== Exercise ==
The result should be an exact copy of only the lines from the one holding "<Discontinued> ACRYLIC GOUACHE" through the last line of the data below, please, without pictures.

== Recorded information ==
┏━━
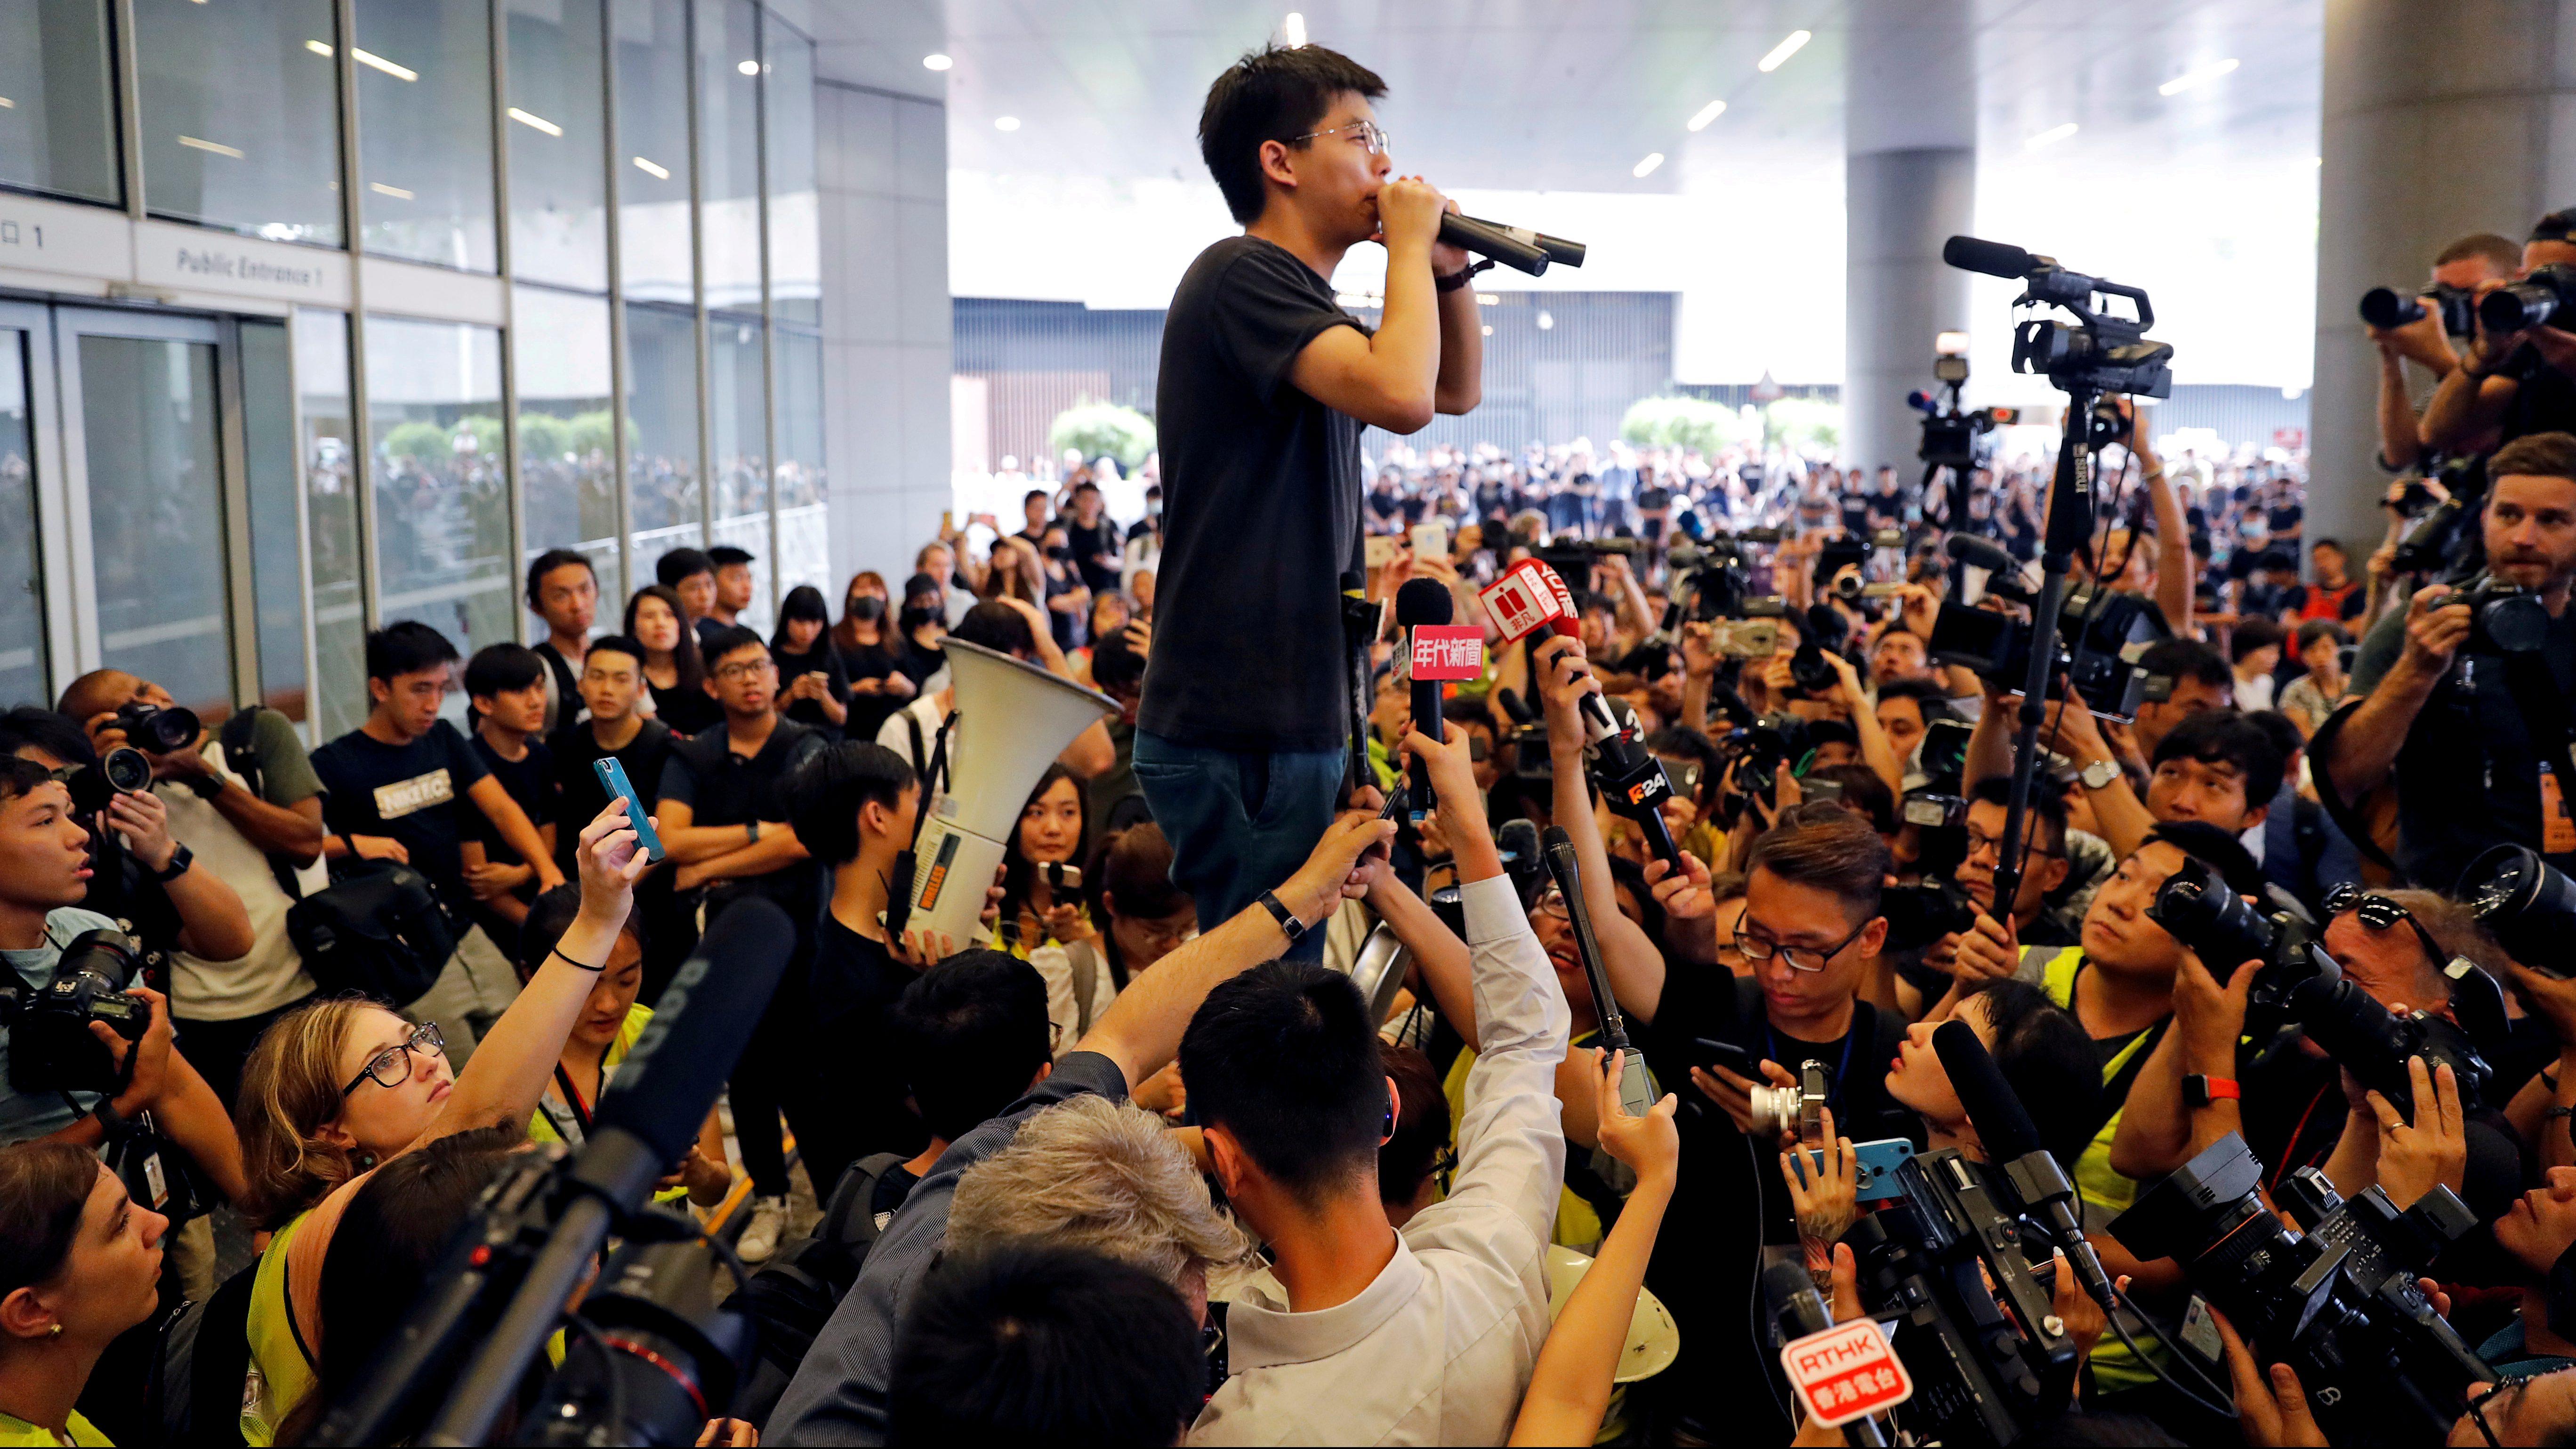 Pro-democracy activist Joshua Wong addresses the crowds outside the Legislative Council on June 17 2019
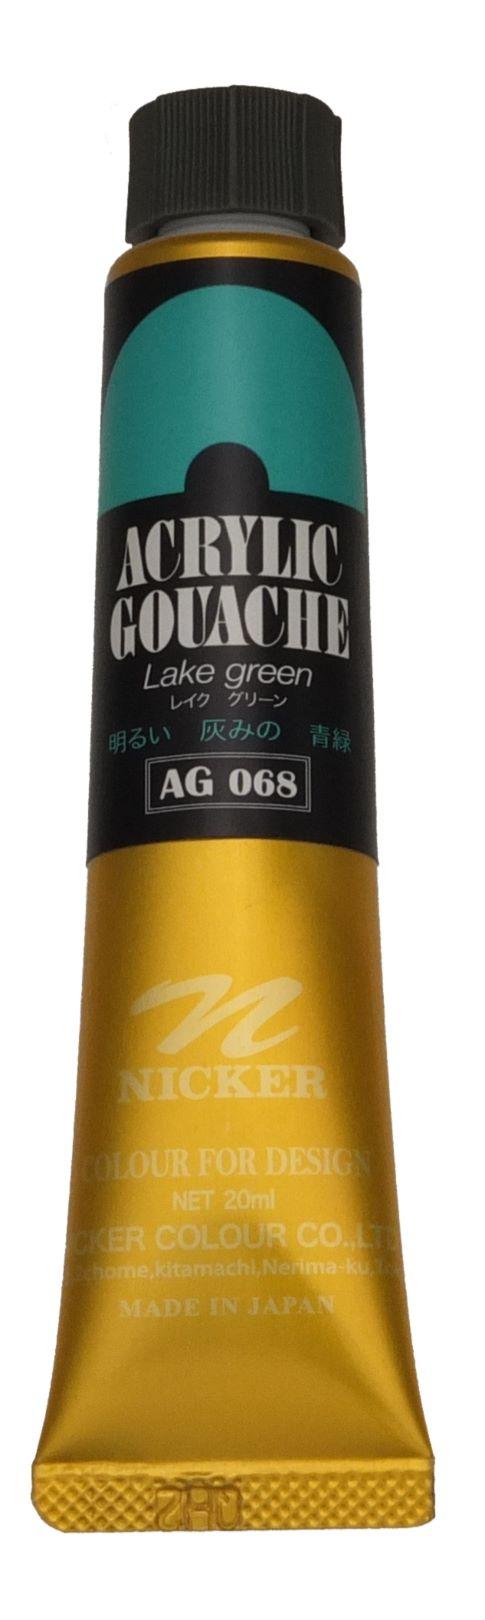 <Discontinued> ACRYLIC GOUACHE 20ml AG068 LAKE GREEN
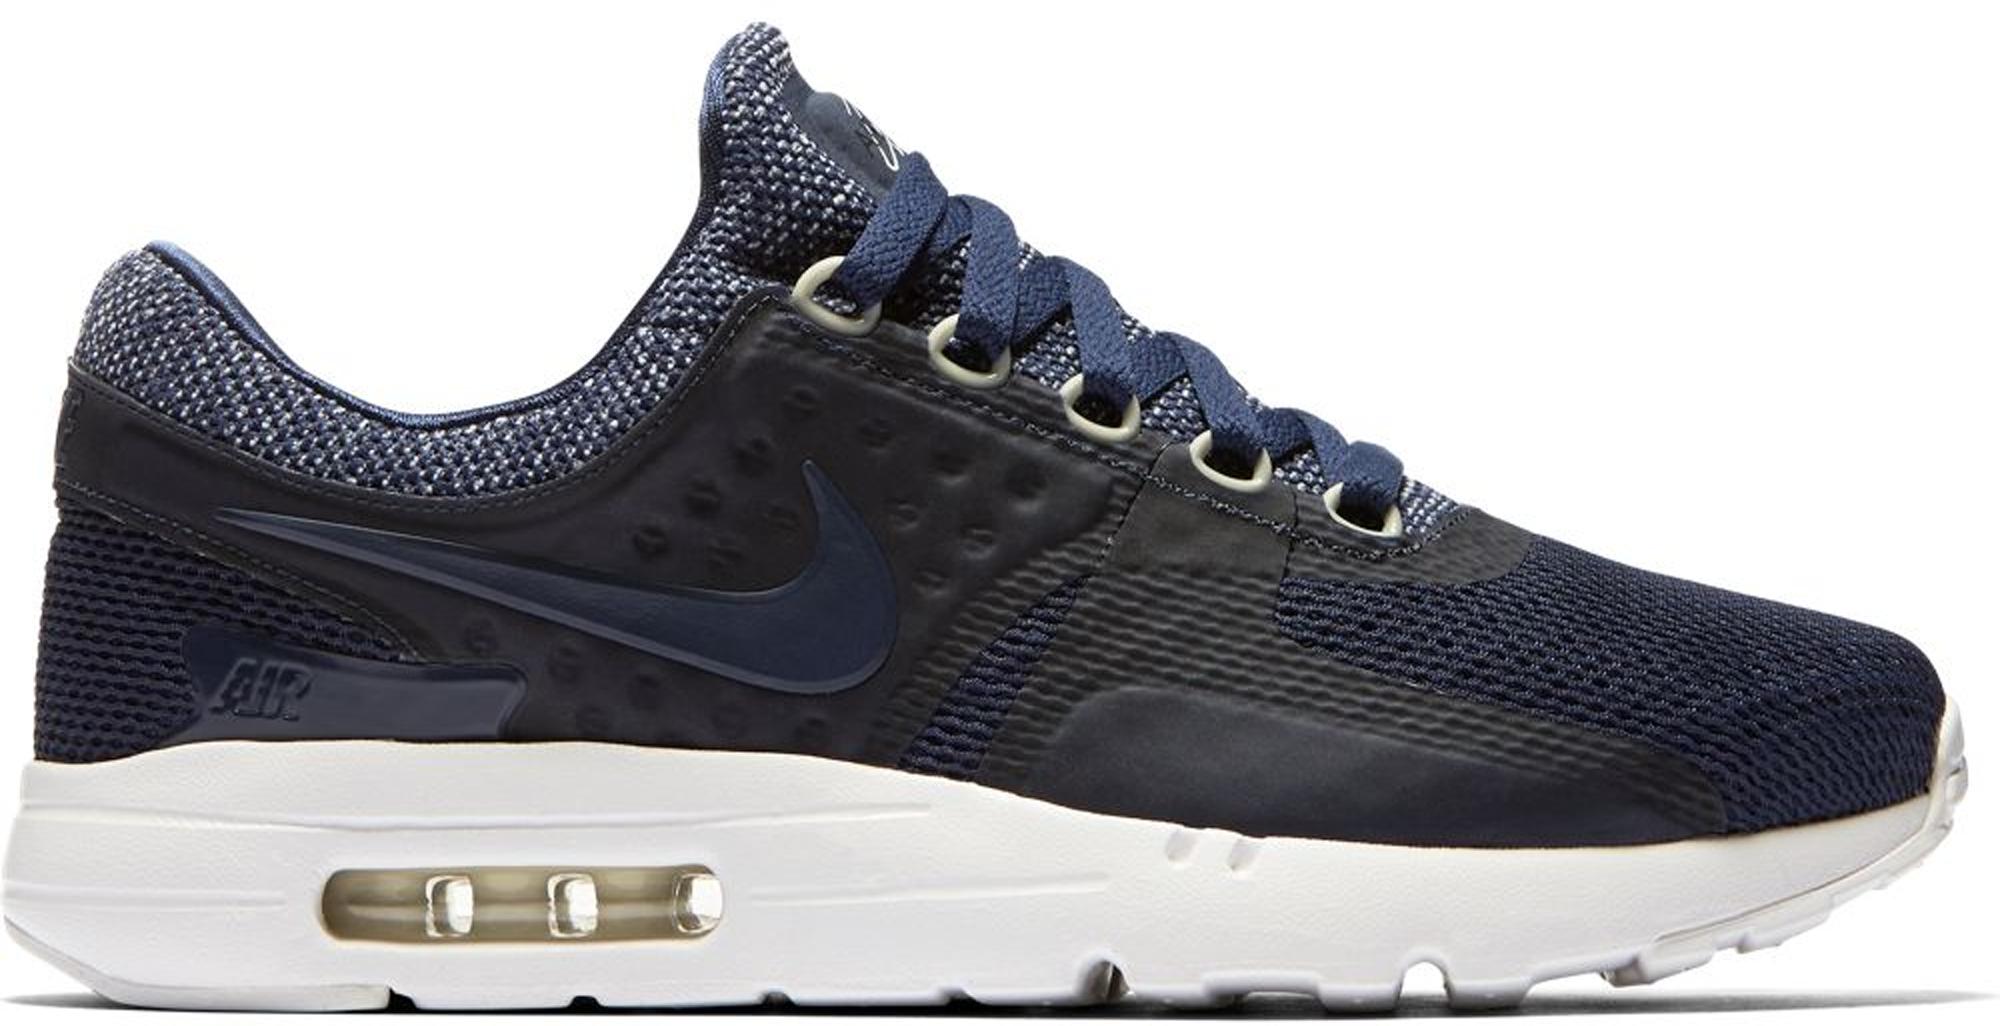 Nike Air Max Zero Midnight Navy Black
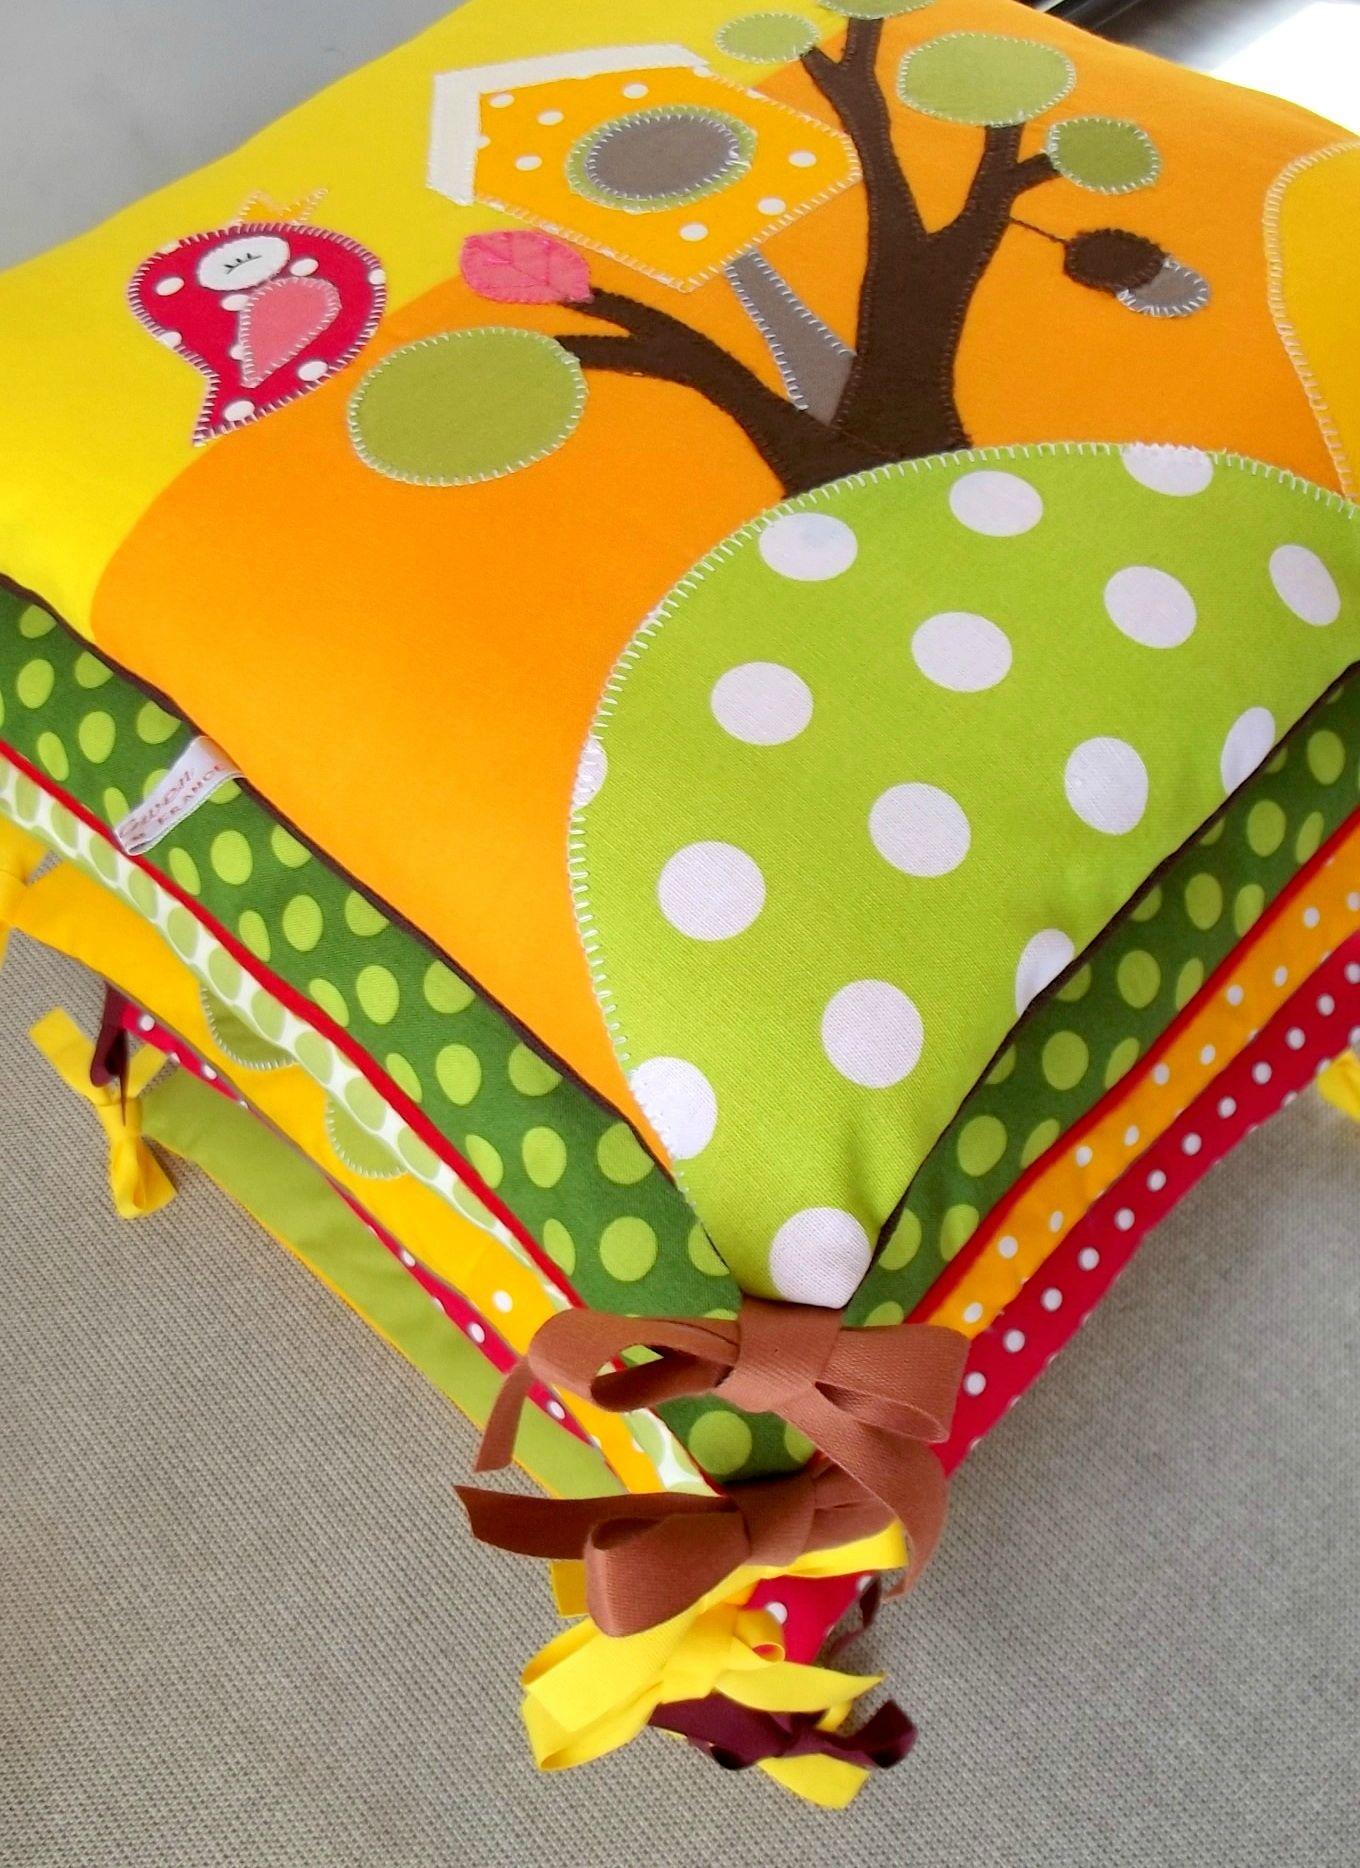 for t enchant e creagwen sewing pillows and tour de lit. Black Bedroom Furniture Sets. Home Design Ideas
┗━━
== Exercise solution ==
 <Discontinued> ACRYLIC GOUACHE 20ml AG068 LAKE GREEN
 Nike Air Max Zero Midnight Navy Black
 for t enchant e creagwen sewing pillows and tour de lit. Black Bedroom Furniture Sets. Home Design Ideas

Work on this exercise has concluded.